Please repeat the data below exactly, with the pictures removed.
Material provided START
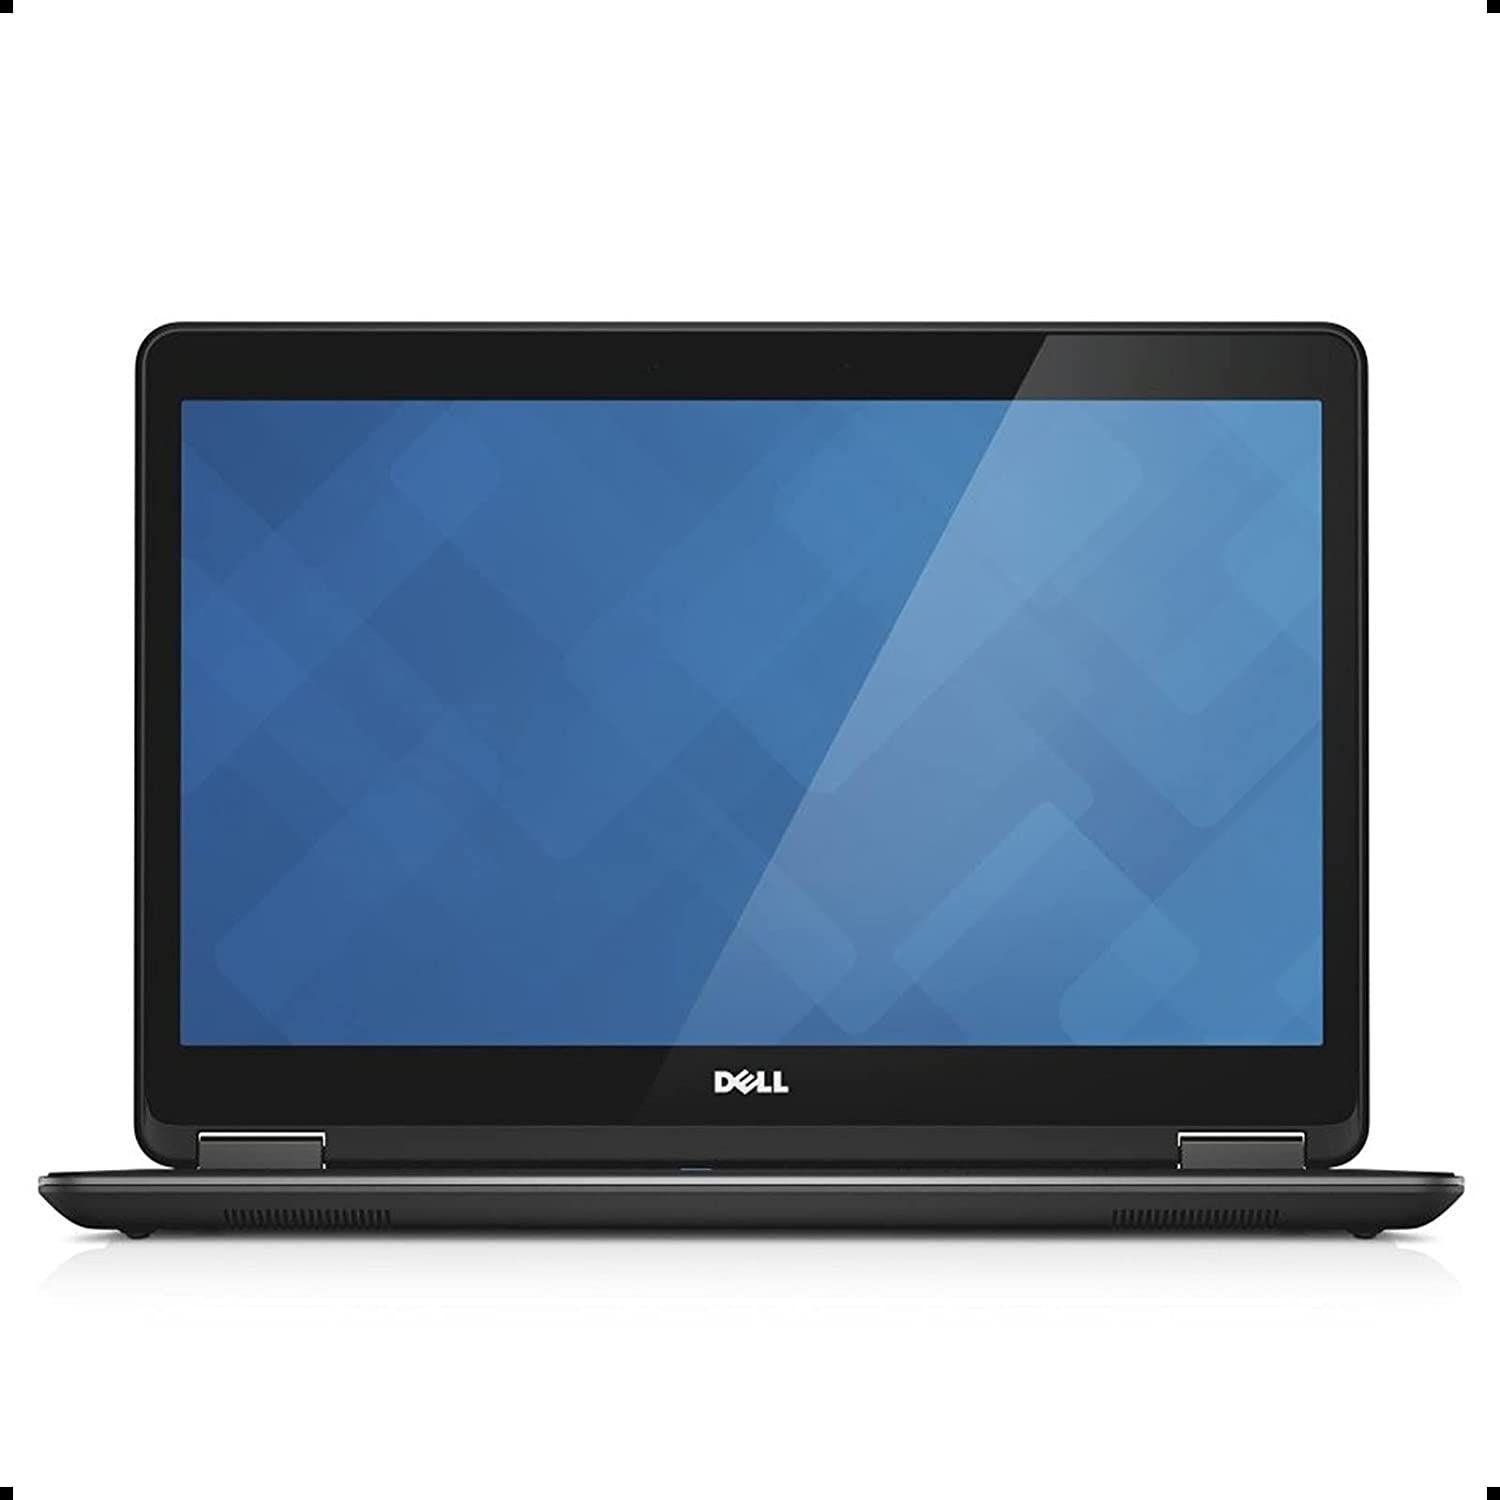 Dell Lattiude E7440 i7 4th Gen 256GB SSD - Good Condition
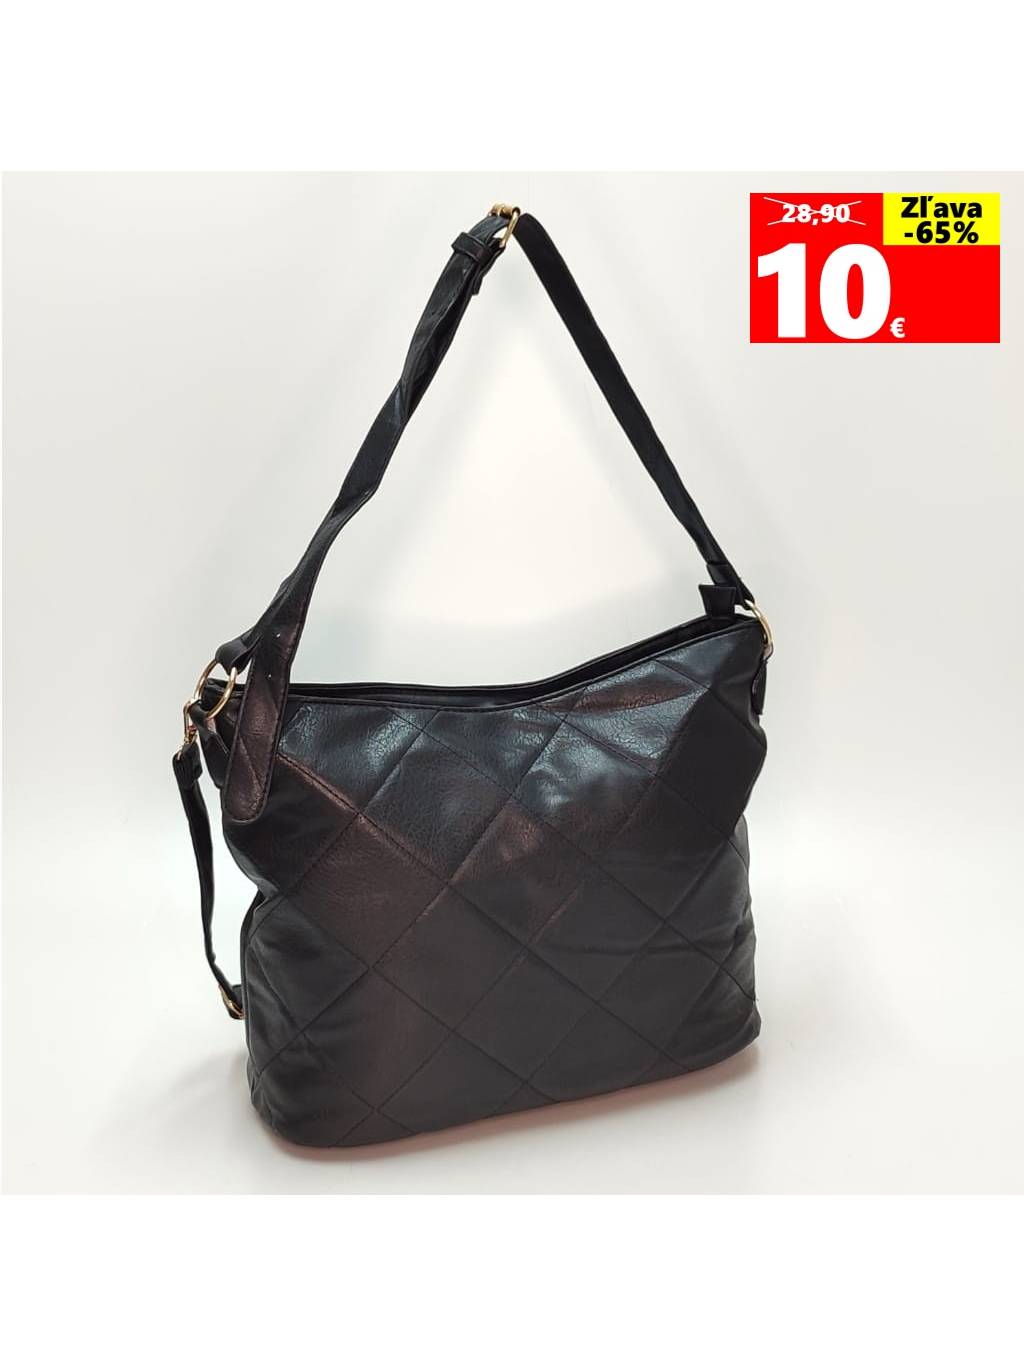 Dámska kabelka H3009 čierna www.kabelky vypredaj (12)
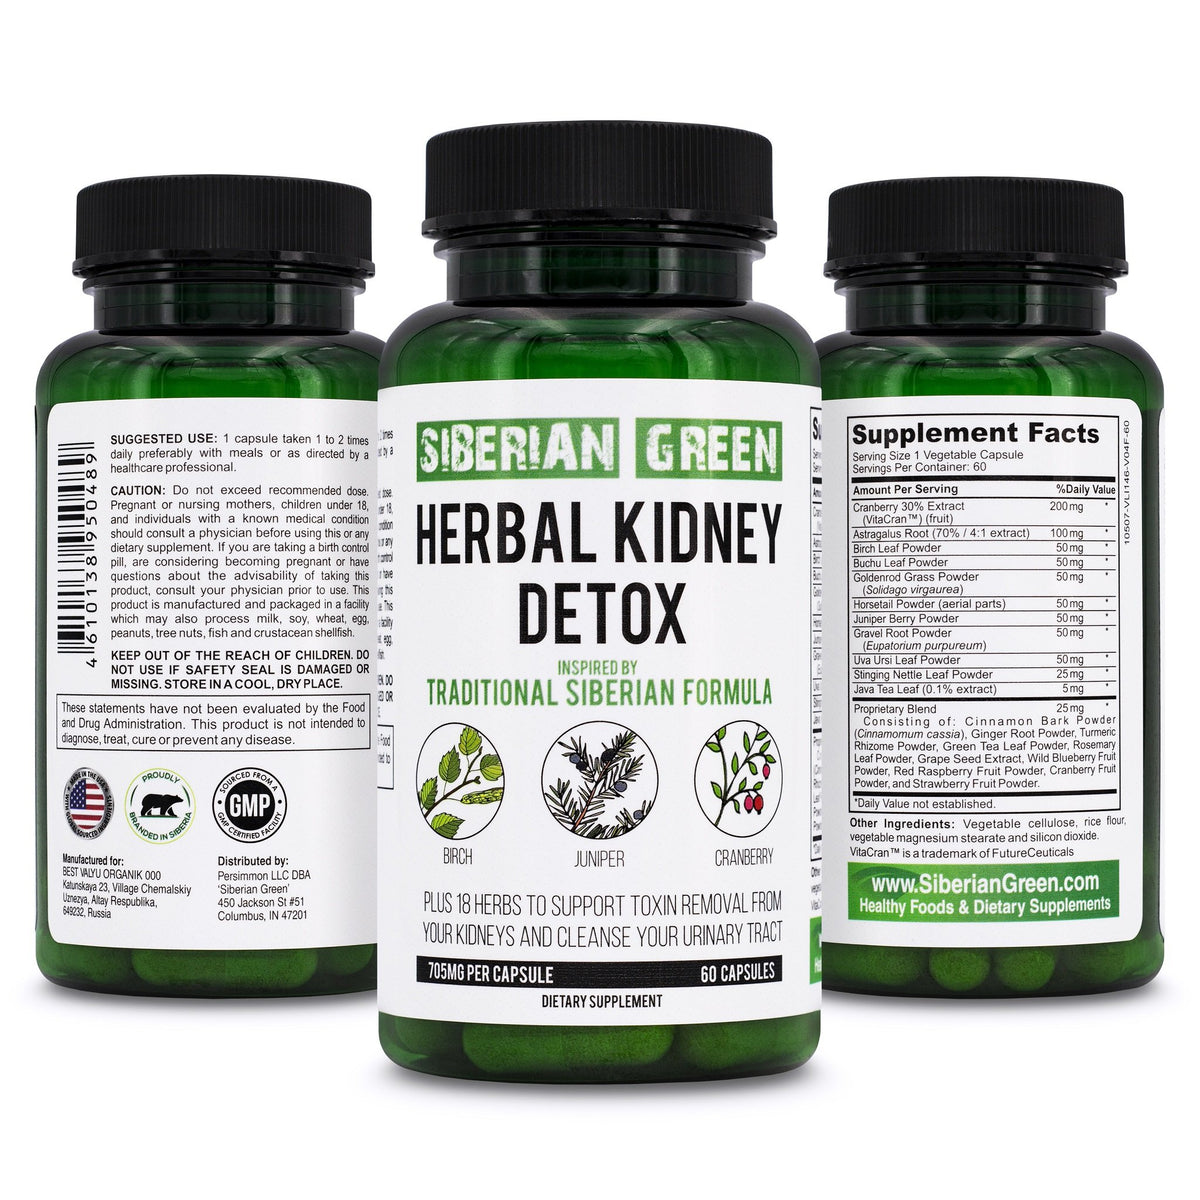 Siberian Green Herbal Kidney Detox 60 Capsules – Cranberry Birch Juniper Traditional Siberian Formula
Material provided END
# Your response:
 Dell Lattiude E7440 i7 4th Gen 256GB SSD - Good Condition
 Dámska kabelka H3009 čierna www.kabelky vypredaj (12)
 Siberian Green Herbal Kidney Detox 60 Capsules – Cranberry Birch Juniper Traditional Siberian Formula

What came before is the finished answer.